RAF signaling is activated via allosteric interactions within a functionally asymmetric dimer.

  • Major finding: RAF signaling is activated via allosteric interactions within a functionally asymmetric dimer.

  • Mechanism: Dimerization and N-terminal BRAF phosphorylation induce CRAF cis-autophosphorylation.

  • Impact: BRAF and CRAF function distinctly within the RAF dimer and are differentially regulated by MEK.
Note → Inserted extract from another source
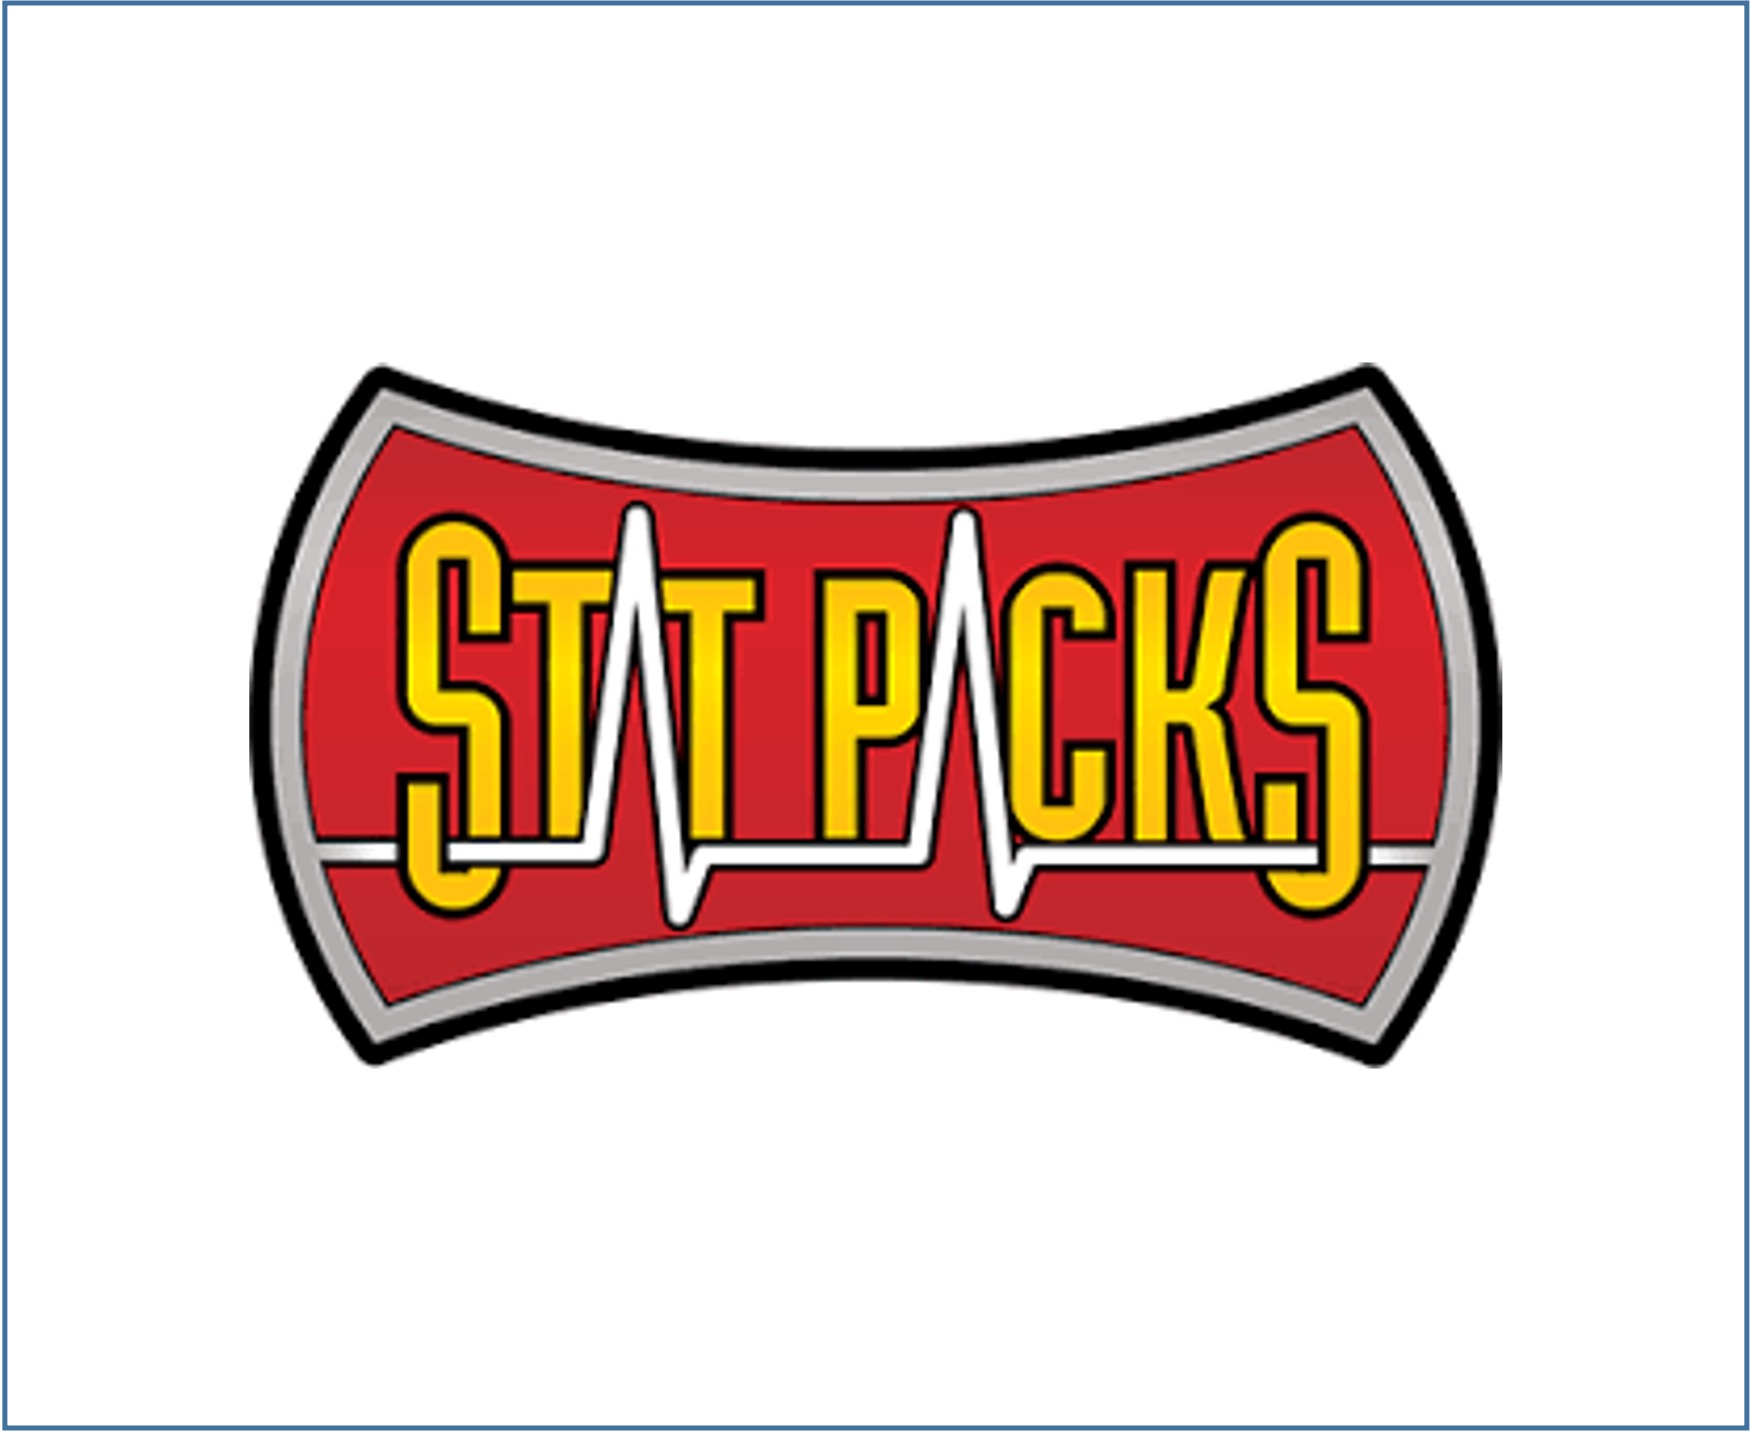 StatPacks

RAF kinases are a critical component of the RAS signaling cascade and stimulate downstream activation of MEK/ERK signaling. However, although RAF activation has been suggested to involve recruitment to the plasma membrane, dimerization of RAF monomers, and RAF phosphorylation, the mechanism of RAF activation is not fully understood. In addition, it remains unclear why kinase-inactive variants of BRAF but not CRAF are oncogenic and can activate MEK/ERK signaling. To better understand the mechanisms that control RAF activation, Hu and colleagues generated dimers consisting of an active RAF kinase, referred to as the receiver, and a kinase-dead RAF variant, referred to as the activator. RAF transactivation was dependent on dimerization, which was mediated in part by a conserved tryptophan residue at the dimer interface, and on phosphorylation of the activator monomer within an N-terminal acidic (NtA) motif; this modification occurs constitutively in BRAF but not CRAF, explaining the distinct ability of kinase-dead BRAF to transactivate CRAF. In contrast, phosphorylation of the CRAF NtA motif was stimulated by MEK, supporting the presence of a positive feedback loop that converts CRAF into an activator kinase following its transactivation by BRAF. Dimerization and phosphorylation of the activator NtA motif allosterically induced cis-autophosphorylation of the receiver kinase within its activation loop, suggesting that these events facilitate assembly and stabilization of the active kinase conformation and prime CRAF for autophosphorylation. Consistent with this idea, mutation of receiver monomers within the hydrophobic regulatory spine, which is critical for active kinase assembly, bypassed the requirement for dimerization and phosphorylation and resulted in constitutive RAF kinase activity. Together, these results show that RAF dimers are functionally asymmetric and provide insight into the complex mechanisms underlying RAF transactivation.

Hu J, Stites EC, Yu H, Germino EA, Meharena HS, Stork PJ, et al. Allosteric activation of functionally asymmetric RAF kinase dimers. Cell 2013;154:1036–46.